TAXPAYER WATCHDOG GROUP ARGUES THAT NETSCAPE TAKEOVER REVEALS ABSURDITY OF ANTITRUST SUIT AGAINST MICROSOFT | Citizens Against Government Waste

TAXPAYER WATCHDOG GROUP ARGUES THAT NETSCAPE TAKEOVER REVEALS ABSURDITY OF ANTITRUST SUIT AGAINST MICROSOFT

Press Release

For Immediate Release:

Contact: Jim Campi
November 24, 1998(202) 467-5300

 

Washington, D.C. –Citizens Against Government Waste (CAGW) today again questioned the rationale for the Department of Justice’s (DOJ) antitrust suit against the Microsoft Corporation and other actions against high technology companies, including the investigations of Intel and Cisco Systems.  The group argues that American Online’s (AOL) bid to take over Netscape shows the dynamic and highly competitive nature of the high-tech sector of the U.S. economy and the foolishness of claiming that Microsoft – or any other company – maintains a monopoly on any part of the computer industry.

“It is outrageous that the Department of Justice would work to handicap one company in favor of another,” remarked CAGW President Thomas A. Schatz.  “The government’s anti-trust case is about helping Microsoft’s competitors, not helping consumers.”

CAGW’s recent joint poll with the Technology Action Access Coalition demonstrated that the American people have no appetite for a lengthy battle against Microsoft, 83 percent said they consider DOJ’s suit against Microsoft a waste of their hard-earned tax dollars.  The proposed AOL takeover of Netscape reinforces the need to examine the government’s attack on the high tech industry and how much of the taxpayer’s money is being squandered on this effort.  CAGW is already investigating this matter and will issue a special report after the first of the year.

As further evidence of the government’s information gap in regard to the computer industry, on Monday House Government Reform and Oversight Subcommittee on Management, Information, and Technology Chairman Steve Horn (R-Calif.) released his latest report card on the government’s “progress” in solving the Year 2000 problem.  His overall grade was a D.  The inability of the government to fix its own computers, and its obvious lack of knowledge of the dynamics of the high tech industry, demonstrates that there are serious questions about the basis for the lawsuit against Microsoft and actions against Intel and Cisco.

Schatz was quick to note the absurdity of the situation.  He stated, “The irony in the instigation of this lawsuit by Netscape and its coconspirators is this:  When AOL, which will own Netscape, gets too big, will they be next?  If Microsoft’s critics are smart, they would urge the government to stay out of their industry, and ask the heads of all of their companies to come to Washington to fix the government’s computers before many of them crash on January 1, 2000.

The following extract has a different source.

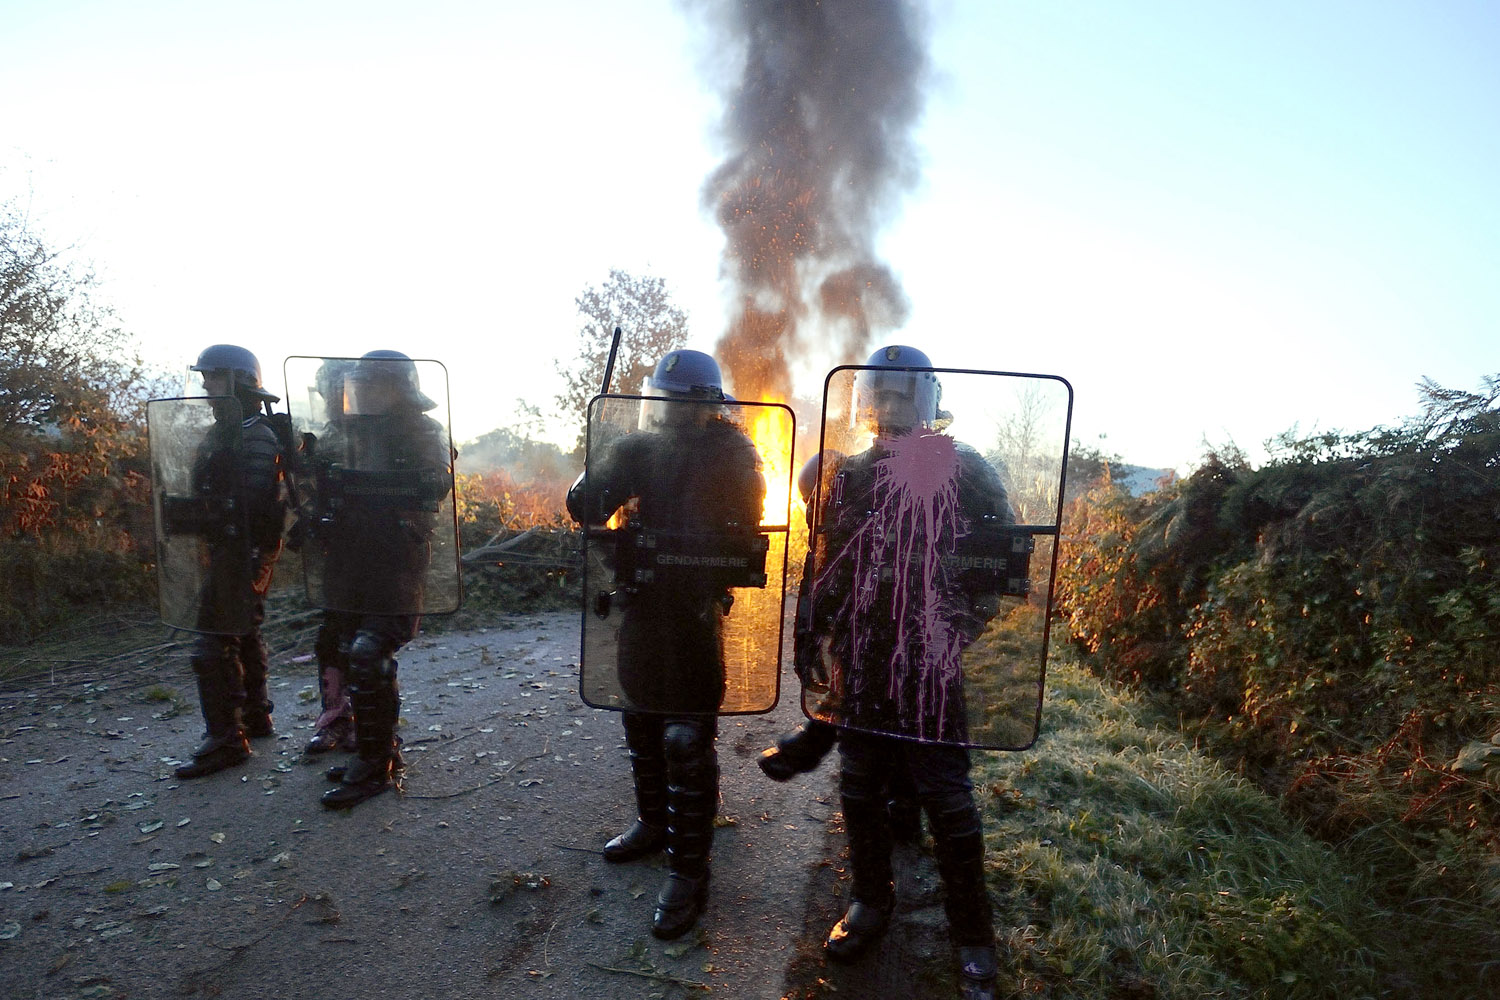 Image: Oct. 30, 2012. French gendarmes police stand guard during an evacuation of squatters who oppose a project to build an international airport in Notre-Dame-des-Landes, in western France.

The Netscape takeover news, coupled with the previous appeals court decision that Microsoft did not violate its agreement with the government by bundling Internet Explorer with Windows 95, completely undercuts the central point of the government’s current case against Windows 98 and Microsoft.  “With new evidence every day of the weakness in the government’s case, it’s only a matter of whether the government wants to wait 13 years, as it did in the IBM case, or wake up now and get out of the high tech industry for good,” Schatz added.

CAGW is a nonpartisan, nonprofit organization dedicated to eliminating waste, inefficiency, mismanagement and abuse in the federal government.